KOR

e-Article

Four years of experience with sentinel node biopsy for breast cancer / Fire års erfaringer med sentinel node-operation ved brystcancer
Document Type
Journal Article
Artikel
Source
Ugeskrift for Laeger. 168(33):2674
Subject
Adult / Vuxna
Aged / Äldre
Breast Neoplasms -- surgery -- pathology / Brösttumörer -- kirurgi -- patologi
False Negative Reactions / Falskt negativa reaktioner
Female / Kvinnlig
Humans / Människa
Microscopy -- methods / Mikroskopi -- metoder
Middle Aged / Medelålders personer
Prospective Studies / Prospektiva studier
Treatment Outcome / Behandlingsresultat
Sentinel Lymph Node Biopsy -- standards / Sentinel node-biopsi -- standard
Language
Danish
ISSN
0041-5782
Abstract
Introduction: The sentinel node (SN) procedure is increasingly being employed in breast surgery to determine the status of the axilla. So far, experience has shown that determination of axillary status is just as accurate as with axillary dissection.

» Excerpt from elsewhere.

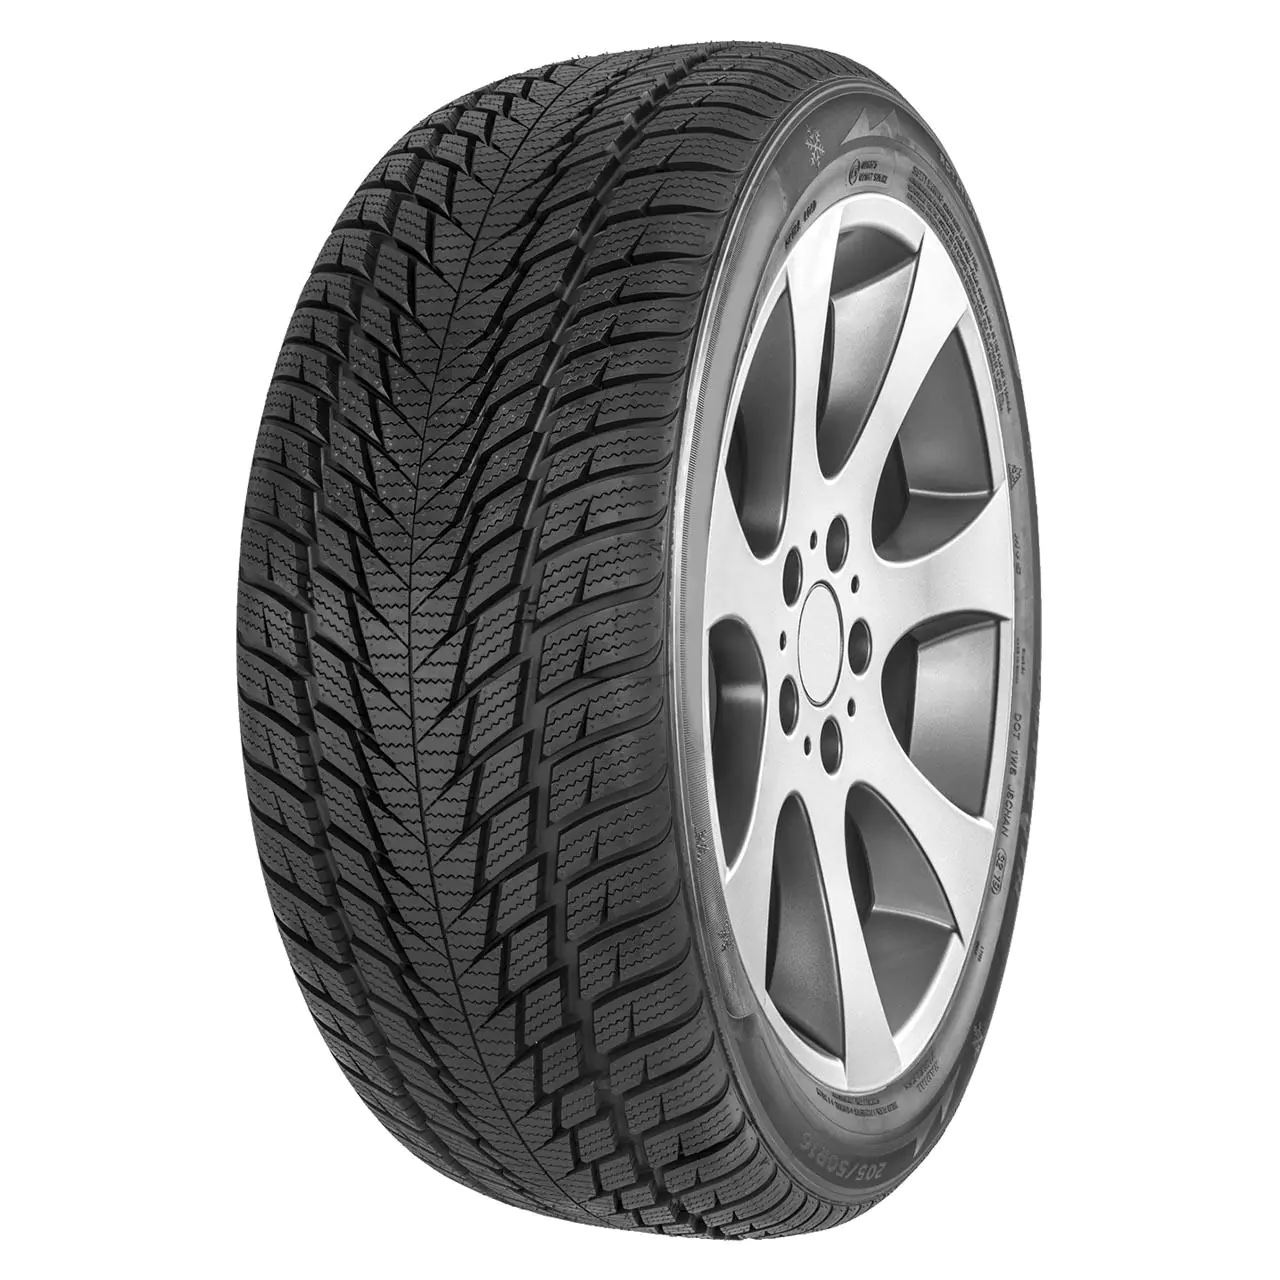 Gomme Autovettura Fortuna 205/40 R17 84V GOWIN UHP2 XL M+S Invernale
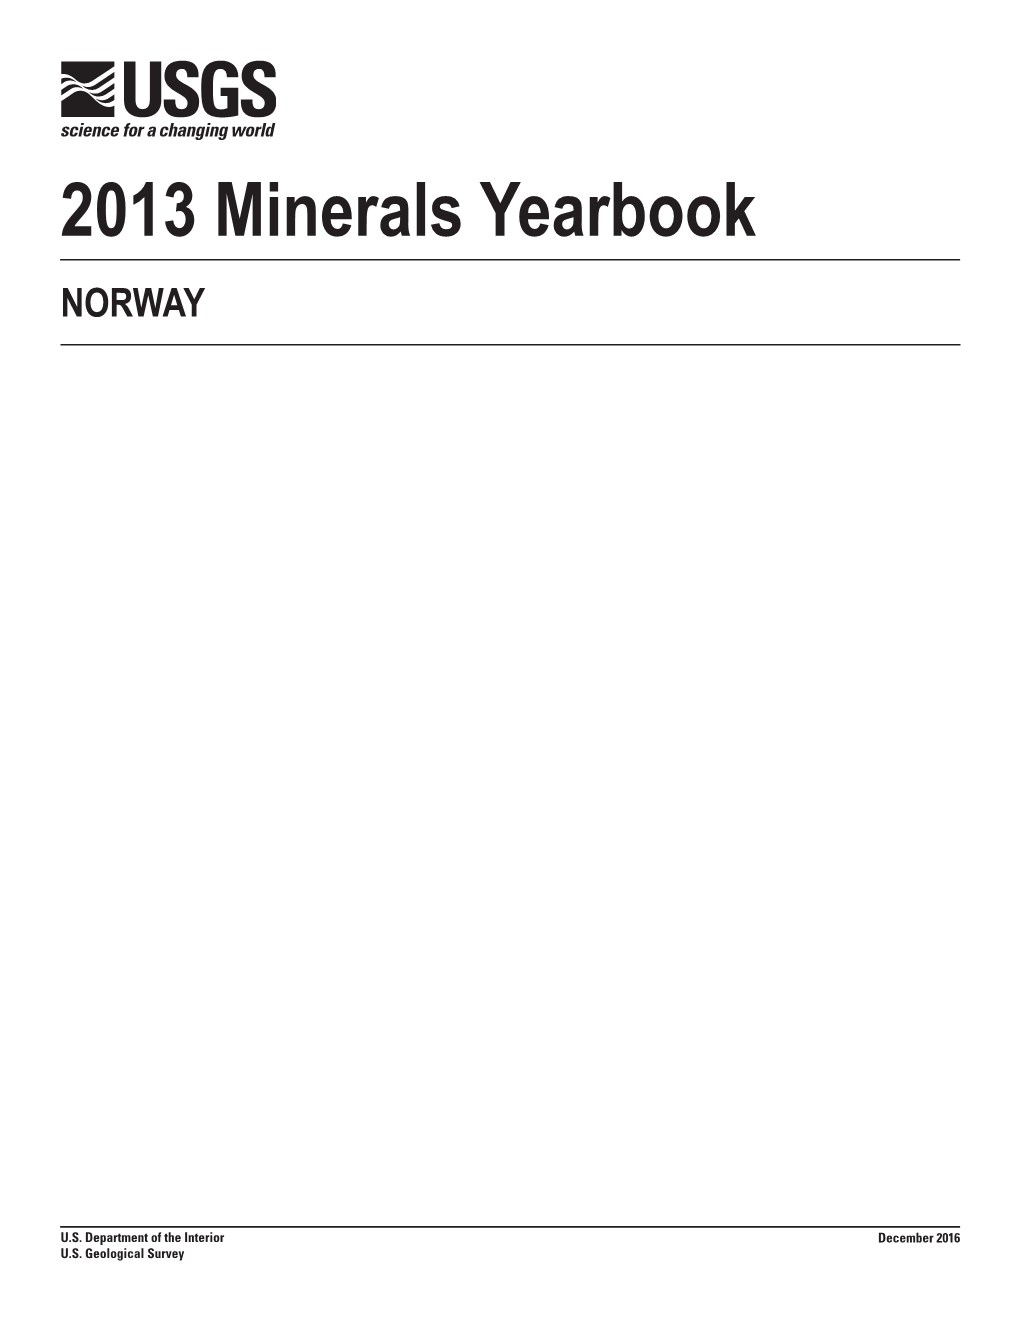 The Mineral Industry of Norway in 2013

Results from 47 months of prospective registration of SN operations are presented here. Materials and methods: From 1 February 2001 to 31 December 2004, SN was performed on 838 patients, constituting 62.6% of the patients treated for primary breast cancer. SNs were detected using two tracers. Primary axillary dissection was performed when no SN was detected. Perioperative investigation of SN was done by frozen section microscopy. If a positive SN was detected, axillary dissection was performed during the same operation. If metastasis was detected only by paraffin microscopy, axillary dissection was performed during a later operation. Results: SN was detected in 91.2% of the patients. This rate increased significantly during the period. 86 of the patients (25.0%) showing metastasis to SN had false negative results at frozen section microscopy. Of these, 75 had axillary dissection performed at a later operation. In 50 patients (6.0%), an extra-axillary lymph node was removed, changing the staging in 3 cases (0.4%). In 3 cases, a positive axillary lymph node was detected after negative SN within the observation period. Conclusion: This study showed that we are on a par with international standards for SN procedure. We believe that the degree of the surgeon's experience has a great impact on the rate of detection. We feel that continuous quality control is necessary, so that measures can be taken if and when standards are not fulfilled.